The demographer, David Ely, testified that Census data indicates Latinos in Pasadena have not achieved the same level of education as whites. They have a higher poverty rate and are likelier to live in overcrowded housing.
Next on the stand was Richard L. Engstrom, a visiting political science professor at Duke University, who is an expert in minority voting rights. Engstrom testified that the ballot measure changing the system of government passed because non-Latinos voted in a racially uniform block. He said 99.6 percent of Latinos voted “no” on the measure.
Under question by the city’s lawyers, Engstrom doubled down on his contention that the votes were not an aberration.
“Does racially polarized voting exist?” he asked, rhetorically. “In election after election after election after election, the choice of Latino voters is being eliminated as a result of non-Latino voters voting as a block.”
He later added, “Racially polarized voting exists and persists in Pasadena.”
It felt like a power grab in Pasadena, a Latino city councilman told the judge. Shortly after the U.S. Supreme Court eliminated federal oversight for local elections, the mayor and a committee he’d appointed met behind closed doors to draw up a plan to reduce the voting power of Hispanics.
The testimony came on the second day in the federal trial of a closely watched voting rights case challenging how Pasadena elects its city council. The mayor took the stand for about an hour at the end of the day and is expected to testify at length after the Thanksgiving break.

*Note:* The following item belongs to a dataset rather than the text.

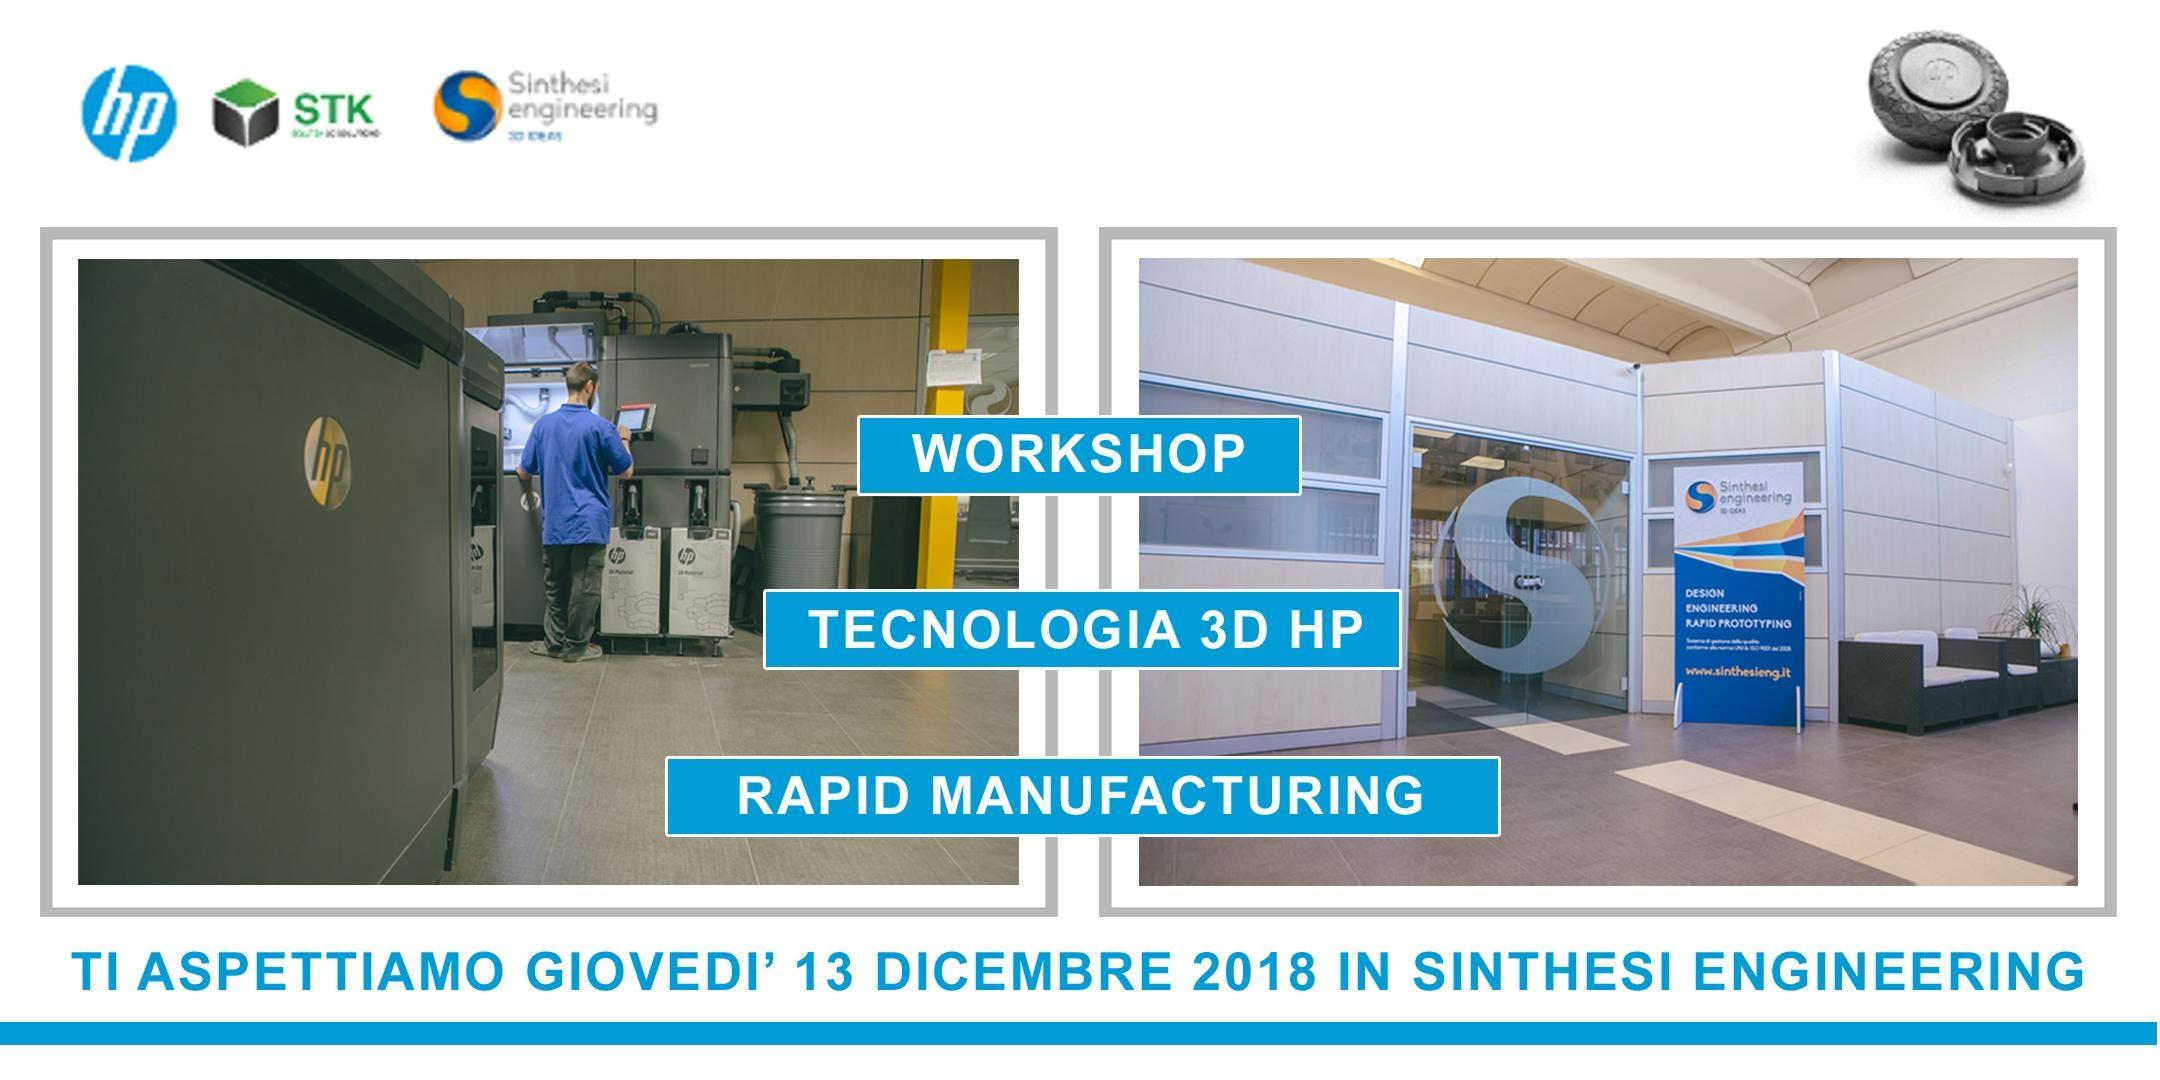 Workshop: Rapid Manufacturing con la tecnologia 3D HP

But for most of Friday, Councilman Ornaldo Ybarra testified about the disparities in representation. Ybarra was not included in the closed door meeting, which had been scheduled to be open to the public. Ybarra said longtime Mayor Johnny Isbell approved of the gathering with police protecting the door. He said the mayor pushed the changes because he realized he no longer needed advance approval from the federal Justice Department to make revisions to the city charter.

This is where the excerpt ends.